Sunak asked MPs in the Treasury to back him in a future leadership race in February 2022, five months before Mr Johnson resigned and triggered a contest.

The book also says Sunak did not speak to Johnson before he announced he was quitting the Cabinet. Although a spokesperson for Johnson told the PA News Agency he did “not recognise the account” of events.

Johnson resigned 48 hours after Javid and Sunak left their roles in the Cabinet. His allies continue to blame the pair for his downfall, although many critics of Johnson say it was his own actions that led to him stepping down.

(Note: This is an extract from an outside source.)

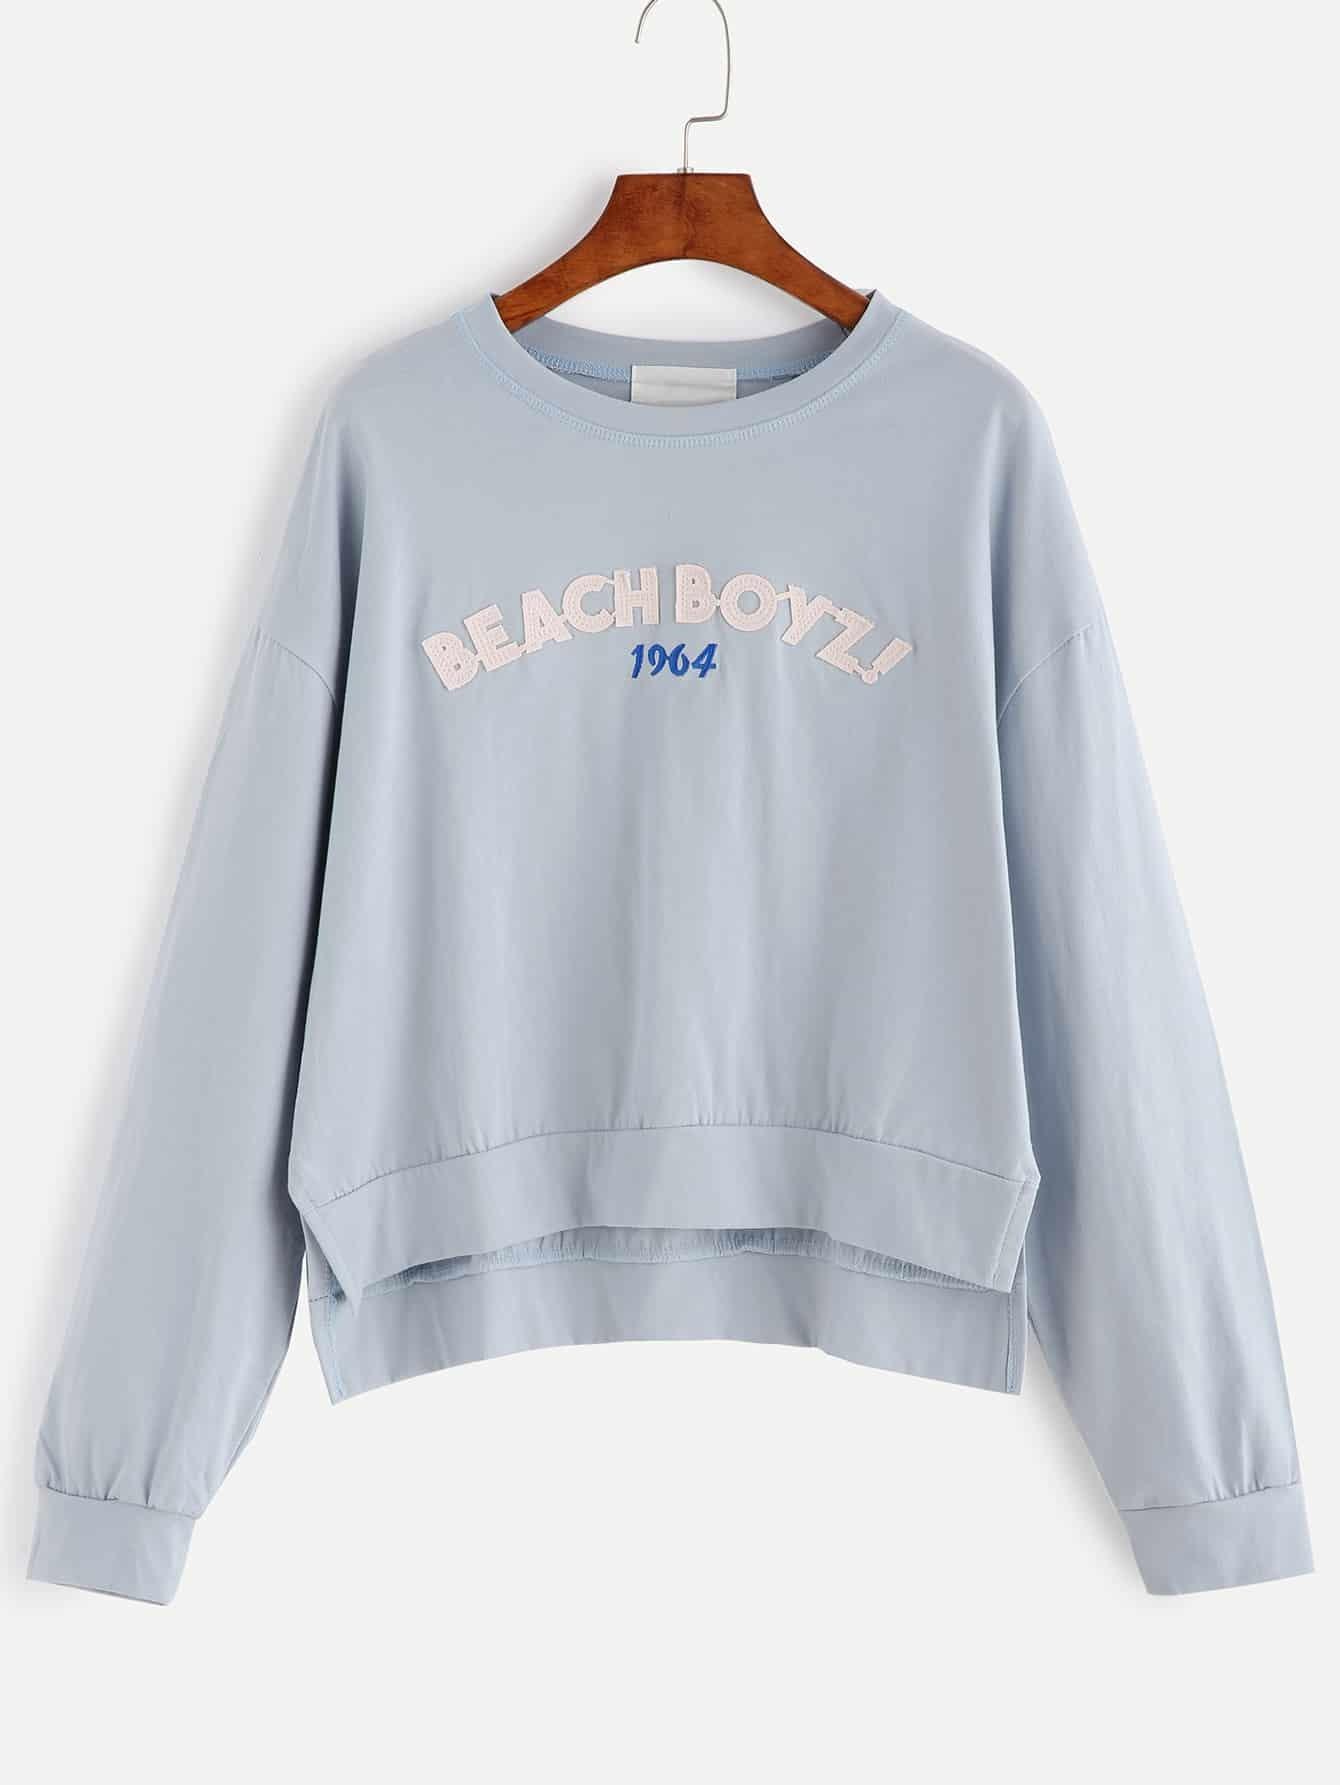 sweatshirt drop schulter vorne kurz hinen lang buchstaben blau german romwe. Black Bedroom Furniture Sets. Home Design Ideas
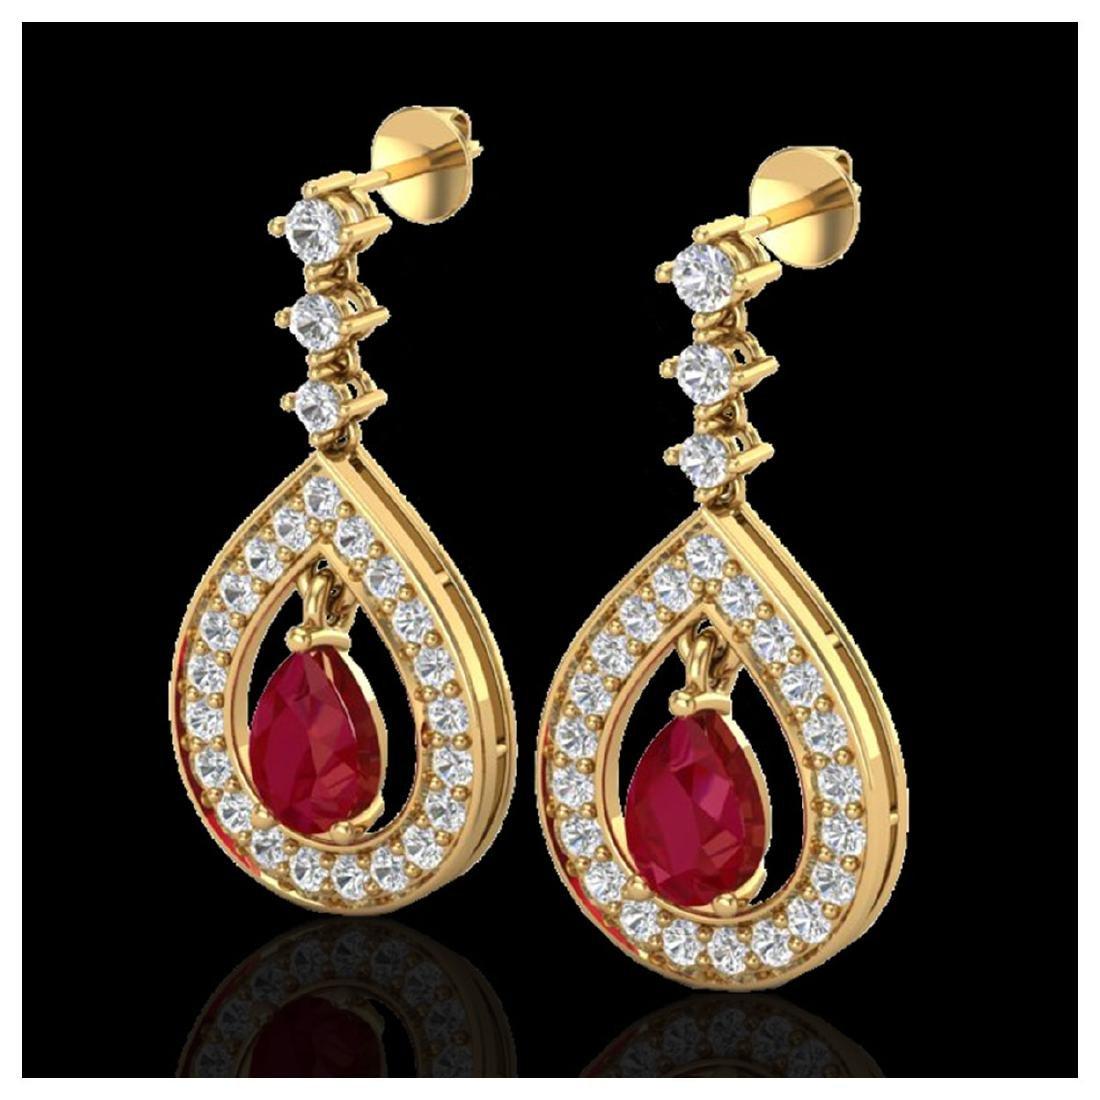 2.25 ctw Ruby & VS/SI Diamond Earrings 14K Yellow Gold

As well as Siddiqui – who like Sunak has worked for Goldman Sachs and The Children’s Investment Fund Management – Sunak reportedly spoke to Lord Hague and Lord Finkelstein before leaving his job as Chancellor. Lord Hague, the former Tory leader, was the MP for Richmond directly before Sunak, while Lord Finkelstein sometimes attends his preparation sessions for Prime Minister’s Questions.

It is understood Sunak was warned resigning would be considered “politically naive” as it could have led to Johnson having to quit, as they were fined for being at the same event. He was also reportedly warned that being seen as a direct catalyst to ousting the PM would have hampered any future leadership bid.

A spokeswoman for News UK also declined to comment on the claims made in the book. Siddiqui also declined to comment when approached by the Telegraph.